TAIYUAN - Valentine's Day is a particularly embarrassing time for men and women who are looking for love in China, where it's considered shameful to remain single after 30.
This year, the Western holiday falls on the fifth day of the Chinese Lunar New Year, in the middle of family gatherings and feasts that often focus on gossip, including who is getting married and who is going to have a baby.
Lonely hearts are then forced to the center of the stage. Well-meaning aunts and uncles work to arrange dates that promise to ruin the rest of the holiday.
"I am either on a date or on my way to the next date" -- some have described their holiday life as such on their microblogs.
"I was forced to go on two dates during the first four days of the holiday," said Cheng Xiaonian, a female office worker in Taiyuan, capital of north China's Shanxi Province. "I was not in the mood to meet anyone, but my mom called me a weirdo, saying I was immature, unsociable and too picky."
Cheng, the only child in her family, is 29, a borderline "old maid" as far as her mother is concerned.
"I know how people will look at me and my family if I remain single, and I know precisely how my mom feels," she said. "But I'm still a green hand at my current job and I'm under heavy pressure. I don't have the time or energy for dating."
Like most of her peers, Cheng said she believes her "Mr.
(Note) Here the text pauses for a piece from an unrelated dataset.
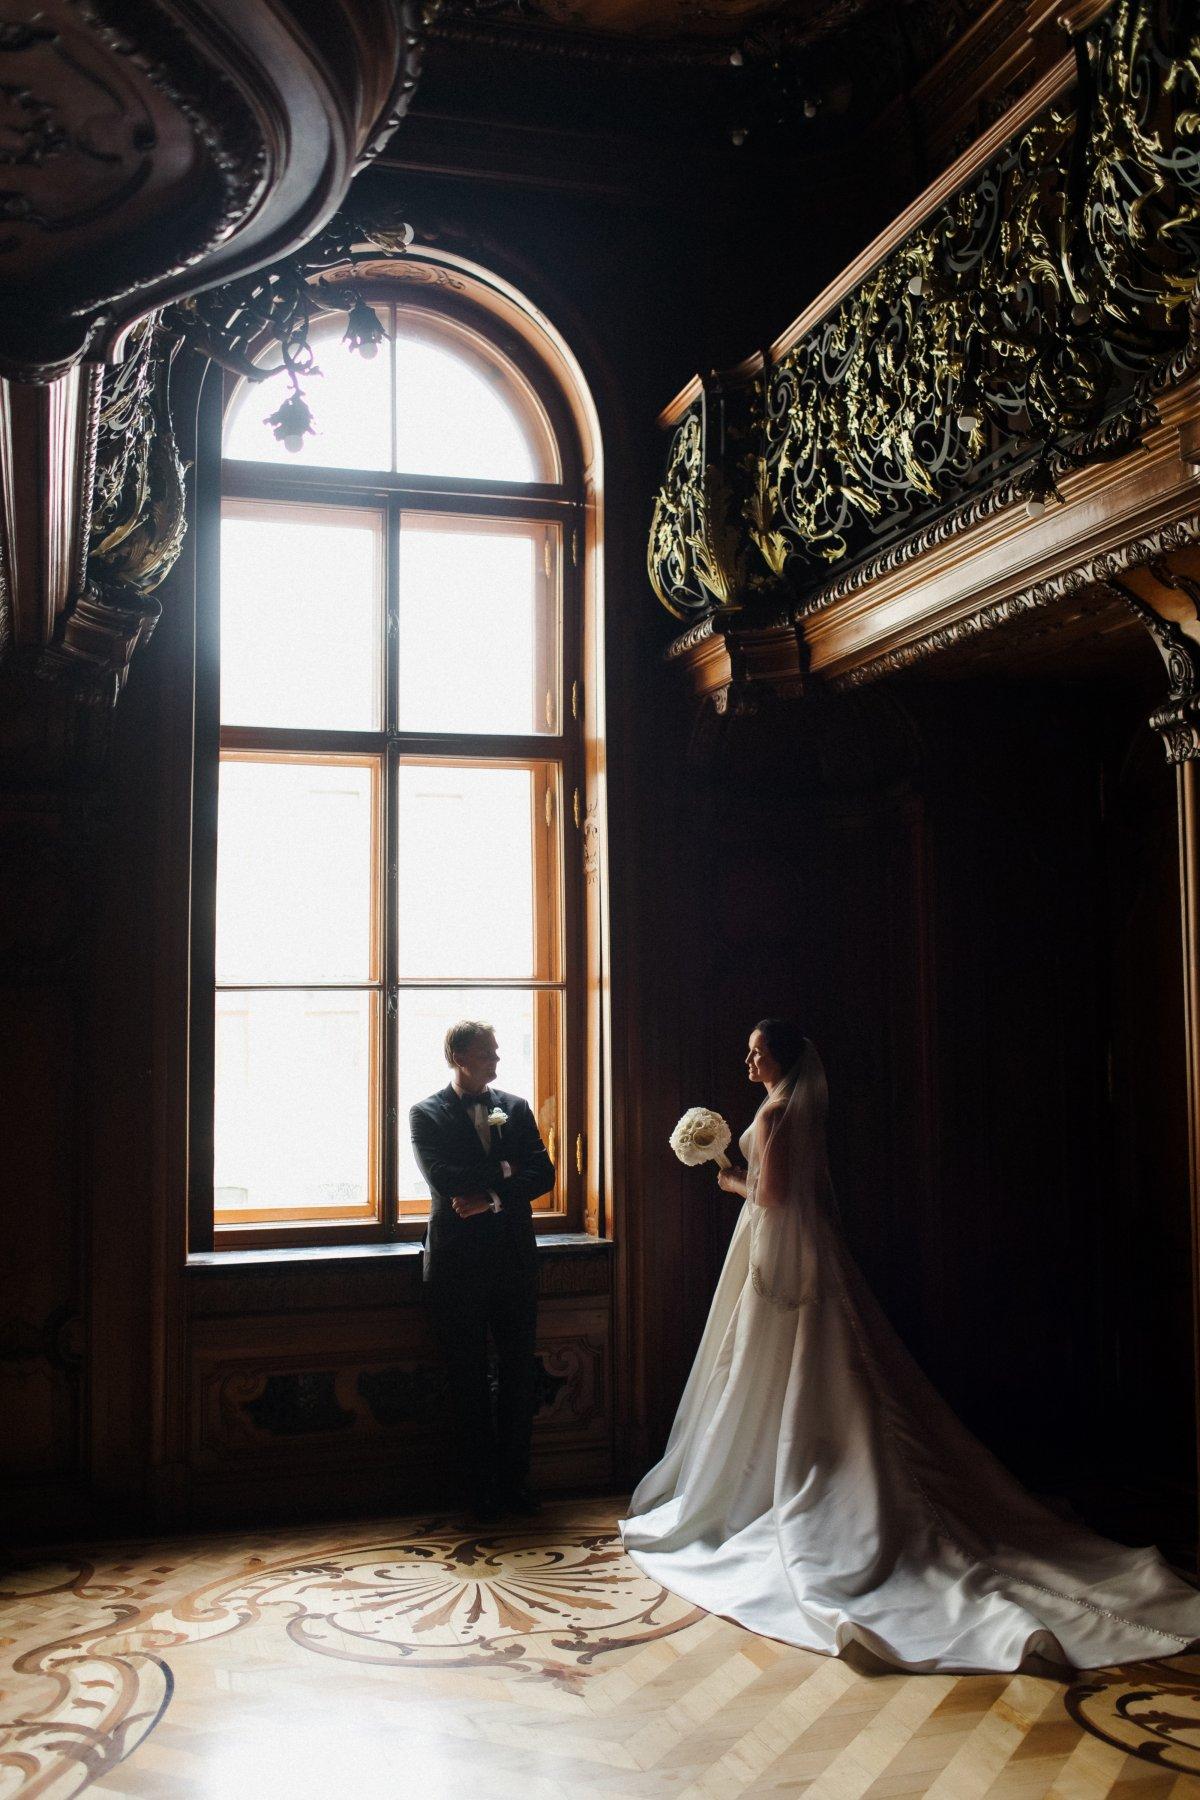 впечатление, что фотосессия в дворянском стиле москва очень доходчиво

Right" is waiting for her somewhere. "I will meet the right person at the right time. These forced dates will not work," she said.
Despite their reluctance, it's always difficult to turn down a warm-hearted aunt's invitation to a "private chat" at a restaurant or coffee shop, only to find a complete stranger of the opposite sex, often equally uneasy, sitting there and struggling to strike up a conversation.